Seismic resilience of RC frame-shear wall structure equipped with PDYBRB, BRB, and VFD

Abstract

Enhancing the seismic resilience of critical urban buildings (e.g., medical facilities) is crucial. These buildings typically utilize reinforced concrete frame–shear wall structures (RCFSSs). Damping technology serves as an effective approach to realize this objective. However, various damper may have different impacts on improving the seismic resilience. Hence, the aim of this study is to compare the seismic resilience of RCFSS equipped with conventional dampers (buckling-restrained brace (BRB) and viscous fluid damper (VFD)) and novel dampers (parallel double-stage yielding buckling-restrained brace (PDYBRB)), to demonstrate the potential advantages of PDYBRB in improving the seismic resilience.

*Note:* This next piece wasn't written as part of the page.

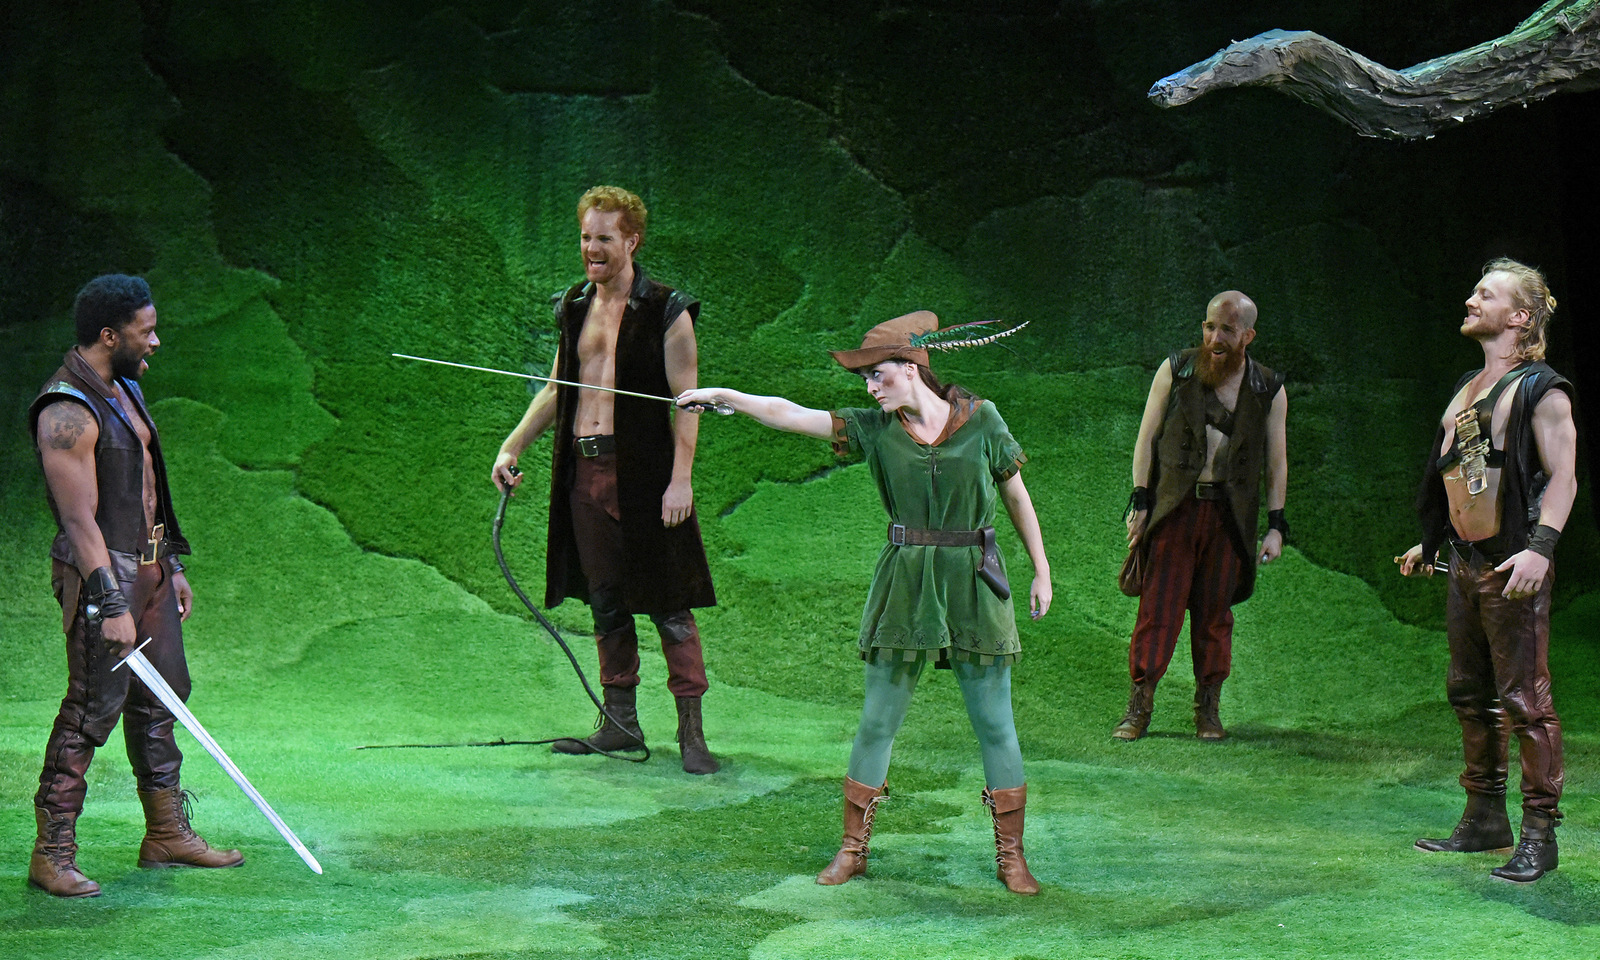 Vesturport and The Wallis’ The Heart of Robin Hood. Pictured (l-r): Luke Forbes, Kasey Mahaffy, Christina Bennett Lind, Jeremy Crawford, and Sam Meader. Photo credit: Kevin Parry for Th

Full-scale tests for the PDYBRB were conducted and a simplified simulation method was validated against the test data, laying the foundation for evaluating the seismic performance of structure. One RCFSS, one RCFSS equipped with BRB (RCFSSBRB), one RCFSS equipped with VFD (RCFSSVFD), and three RCFSSs equipped with PDYBRB (RCFSSPDYBRBs) were designed, and the corresponding seismic responses and resilience were analyzed and compared. The seismic performance of the structure was significantly improved after using PDYBRB. PDYBRB reduced the maximum inter-story drift ratio (MIDR) of RCFSS by up to 41.67 % under design basis earthquake (DBE) and 44.16 % under maximum considered earthquake (MCE), showing a considerable improvement compared to VFD (30.56 % under DBE and 32.47 % under MCE) and BRB (16.67 % under DBE and 38.96 % under MCE). For maximum absolute floor acceleration (MAFA), PDYBRB achieved better control compared to VFD and BRB under both DBE and MCE. The PDYBRB realized optimal control over the MIDR and MAFA during both DBE and MCE. BRB and VFD enhanced the seismic resilience of RCFSS from level 0 to level 1, while all PDYBRB cases reached level 2 due to the simultaneous control of both MIDR and MAFA. Compared with VFD and BRB, PDYBRB exhibited notable benefits in improving the seismic resilience of RCFSS. This research can provide an alternative solution for improving the seismic resilience of buildings through PDYBRB.